Thankfully, Nora can’t hear very well so she didn’t comprehend all of Aaron’s muttered comments. But she heard enough to know that he was displeased with her being there. One thing led to another, and by the time we sat down to watch Wheel of Fortune (of course!), Aaron had had enough. It was not a pleasant scene as he fought over keeping the remote, paced the floor like a wild animal, and was very verbal. Finally, he yelled at Nora with all his might and stormed outside…..where he sat in the mulch to wind down. He sat under the pecan tree, where he never sits, but where he was more hidden and farther from the house…..and from his problems.
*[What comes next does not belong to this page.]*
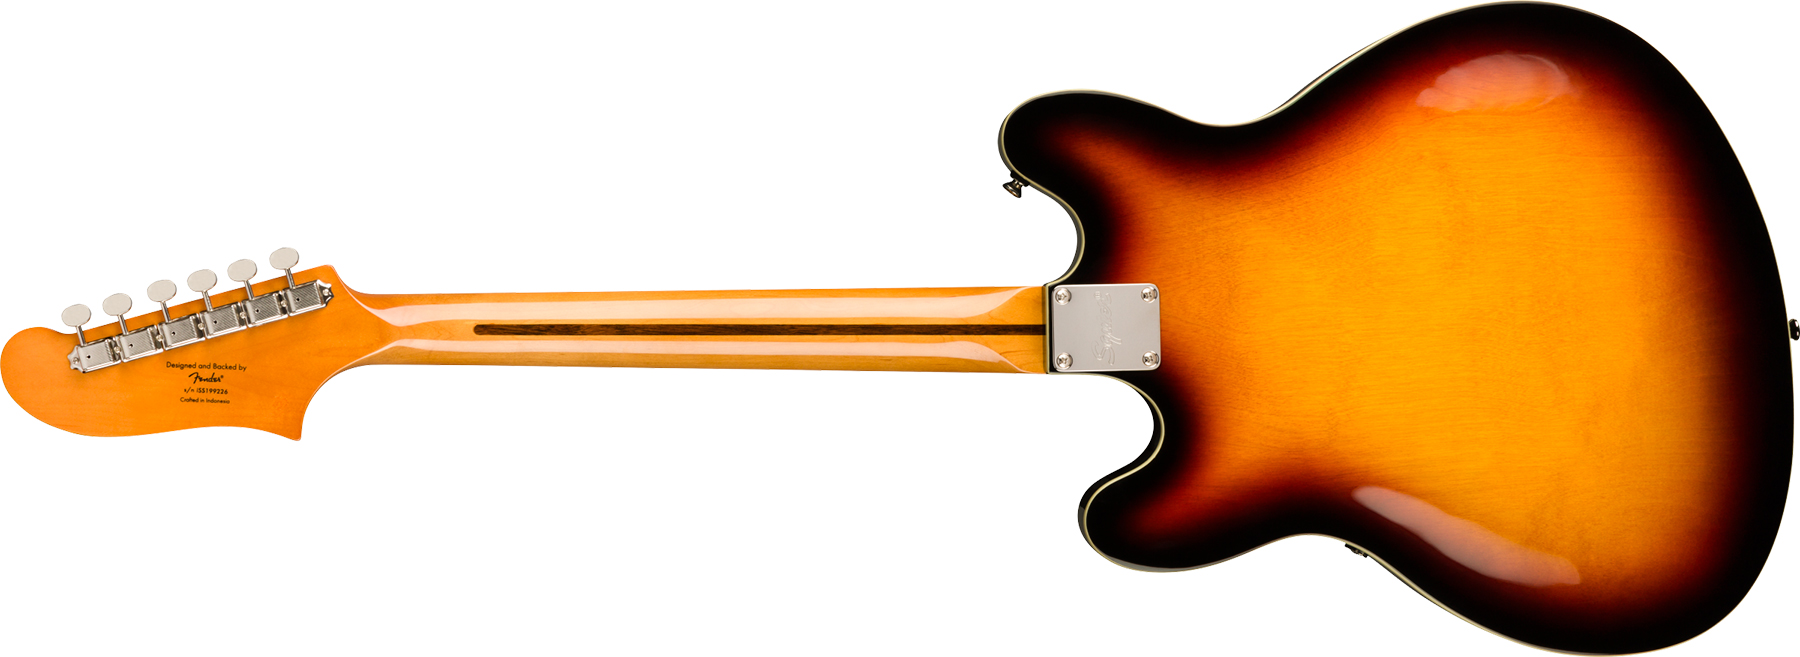 Squier Starcaster Classic Vibe 2019 Hh Ht Mn - 3-color Sunburst - Semi-hollow electric guitar - Variation 1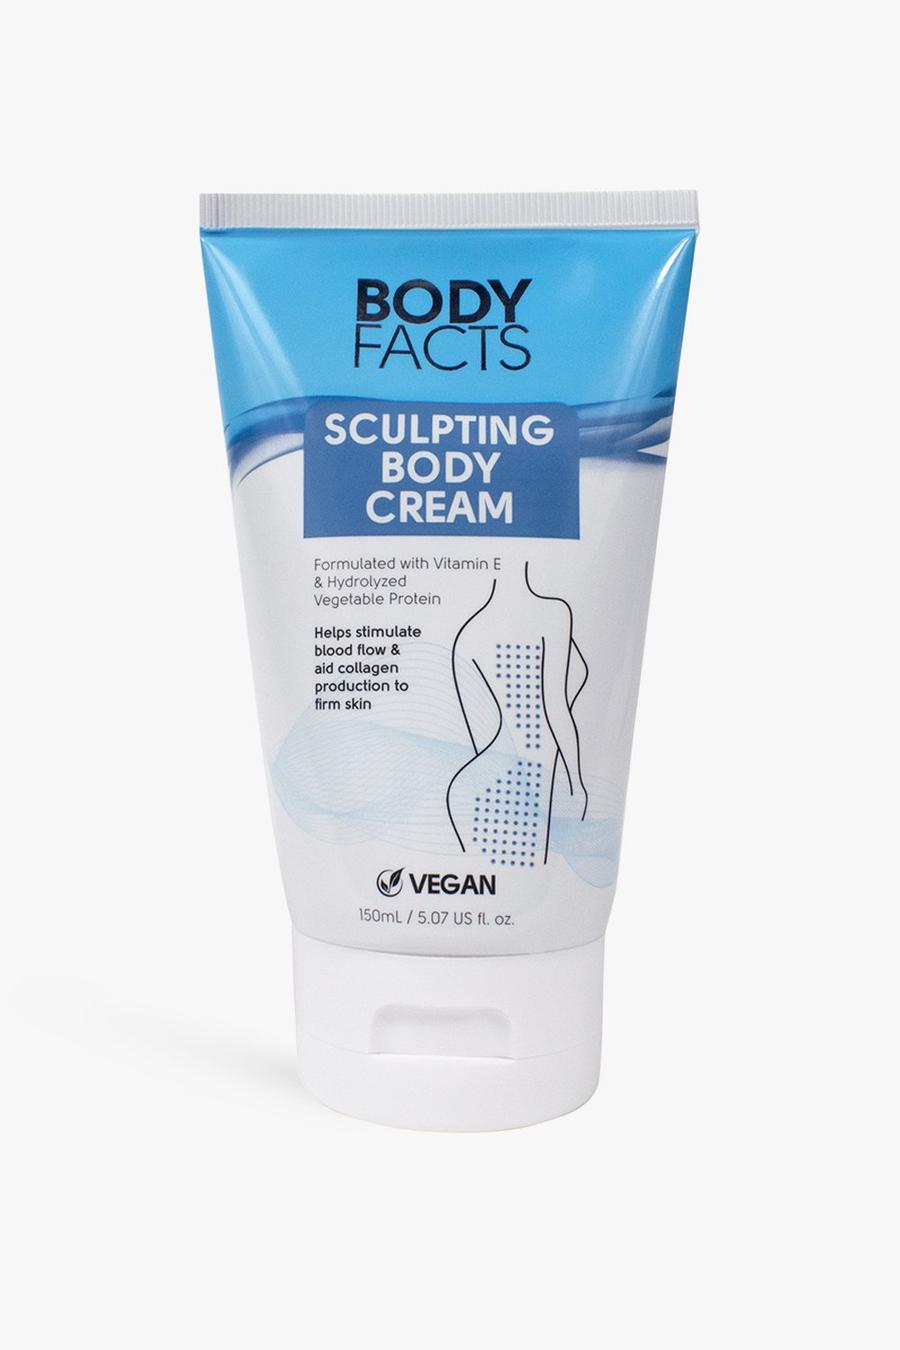 Blue Body Facts Sculpting Body Cream

Again, our friend understood…..but I knew she was hurt. We were hurt…..and terribly embarrassed. It was the worst display of anger toward a visitor that we had ever seen. Aaron came in and out of the house, even watching the last few minutes of Wheel of Fortune from the kitchen, standing there gazing at the television but not talking to us. When I walked Nora home, Aaron sat under the pecan tree still breaking mulch…..and glaring silently at me when I walked past him to go home. Later that night, we were able to talk to Aaron about friendships…..about how to treat our friends…..about how we treat his friends. I think we made some headway as we compared our friends to his special Rosie, and the importance of being polite and kind. What if we were mean to Rosie, we asked? That thought seemed to register with him.
But who knows what will happen when Aaron is once again pulled from his routine? We might see when Kristi comes back this Thursday night, brave soul that she is. Aaron wants everything to stay the same in his world, and he will react strongly to whatever disrupts that sameness…..whether it be an event or a person. Aaron doesn’t care if he hurts with his words. He just wants his life to be the way he likes it. I can say that he is selfish, rude, inappropriate…..lots of undesirable traits…..but I can also say with confidence that he is autistic and that we see it more clearly with every passing year. What registers with our brains does not register with his. What we can control, he cannot. If he fell down into a seizure, we would be so empathetic. But when he falls into an emotional meltdown, empathy becomes anger and embarrassment. Yet both scenarios are an evidence of his disability……and a struggle for us to always understand and handle correctly.
And I realize that I will always be that mom……THAT mom……who tries to explain his behaviors while wondering if I’m sounding like I’m trying to excuse them. There’s a huge difference there in the two. Explaining means we grasp at understanding. Excusing means we dismiss with no repercussions. But in explaining I feel that we sound like we we’re excusing. It gets complicated.
So this morning Aaron got up very early for him. He came up the hall and into the room where I was having my quiet time. He just stood there behind my chair, looking at me, so I said, “Aaron, you need to go back to bed. It’s just 6:00.”
“6:11,” he said with no emotion.
And another day with Aaron has begun, as I smile…..and see what the day will hold.